While the NAL letter provides guidance as to the circumstances when a state-chartered trust company may maintain crypto assets and related cash and cash equivalents, the NAL should not be interpreted to suggest that the Staff have taken a position as to the status of a state-chartered trust company as a bank under the Advisers Act or the Company Act, as applicable. In addition, the NAL did not expand the definition of qualified custodian. The NAL only provided assurances that the Staff would not recommend enforcement action against an RIA or Regulated Fund for maintaining crypto assets and related cash and cash equivalents with state-chartered trust companies that meet certain requirements. It is possible that the Commission may issue a proposal that addresses custody of crypto assets and that such a proposal would incorporate some of the provisions of the NAL.

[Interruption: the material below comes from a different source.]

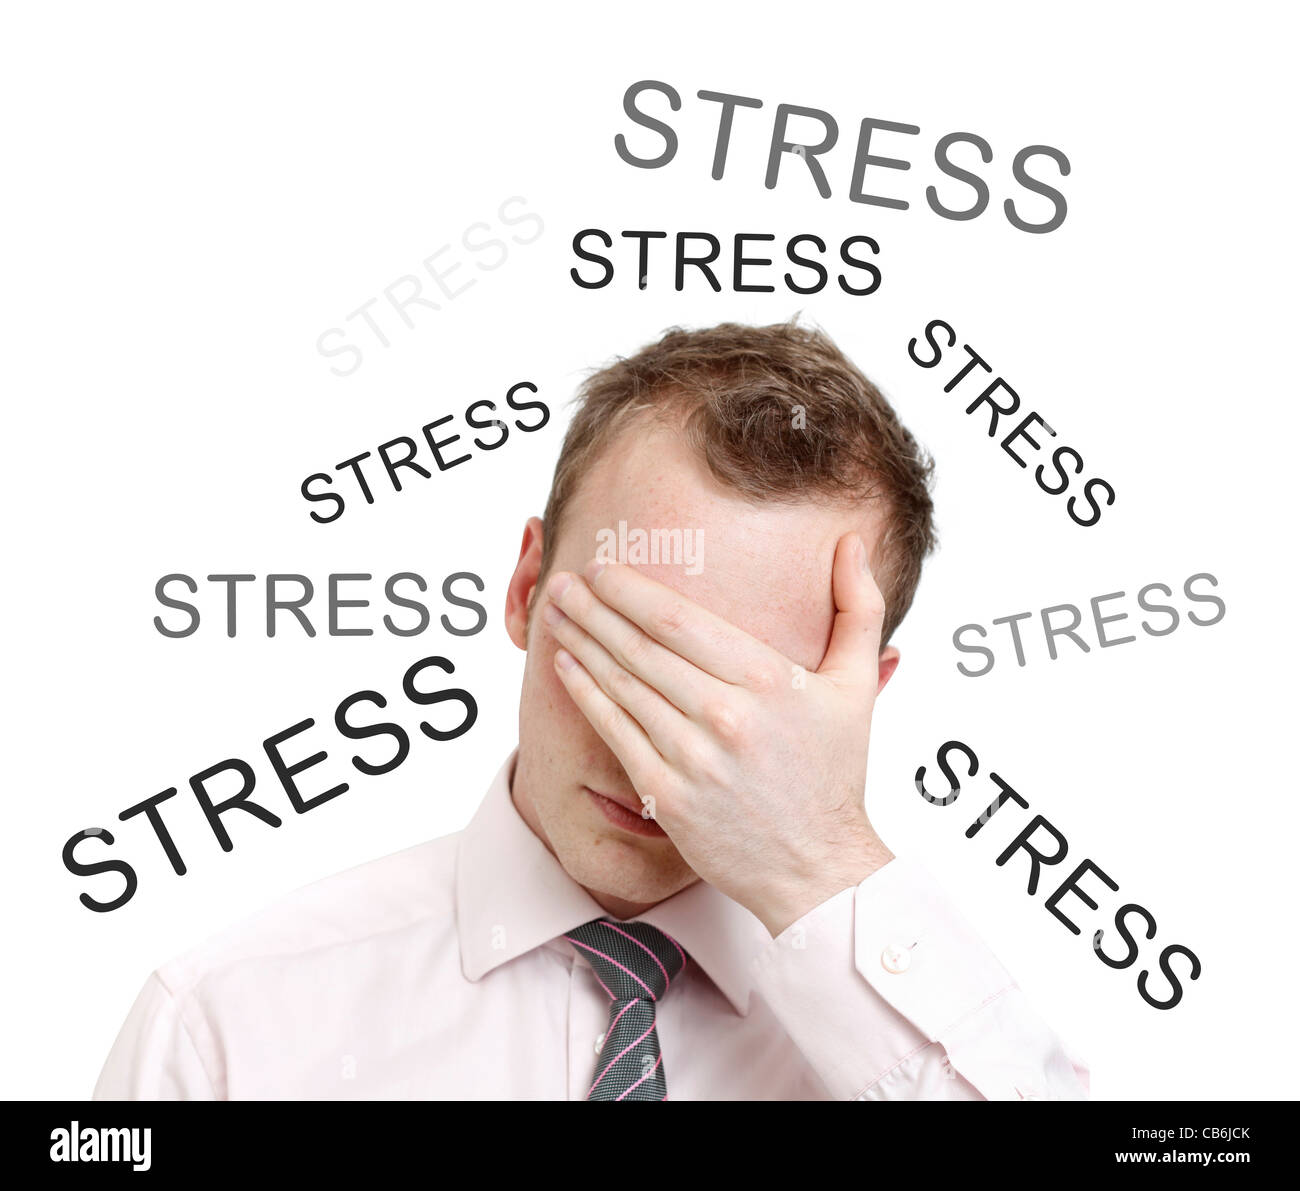 Estrés Imagen De Stock

1 In order for a state-chartered trust company to meet the definition of bank, the following conditions must be met: (1) it must do business under the laws of any State or of the U.S.; (2) a substantial portion of its business must consists of receiving deposits or exercising fiduciary powers similar to those permitted to national banks under the authority of the Office of the Comptroller of the Currency; (3) it must be supervised and examined by State or Federal authority having supervision over banks or saving associations; and (4) it is not operated for the purpose of evading the provisions of the Advisers Act or the Company Act, as applicable. This determination involves a facts and circumstances analysis.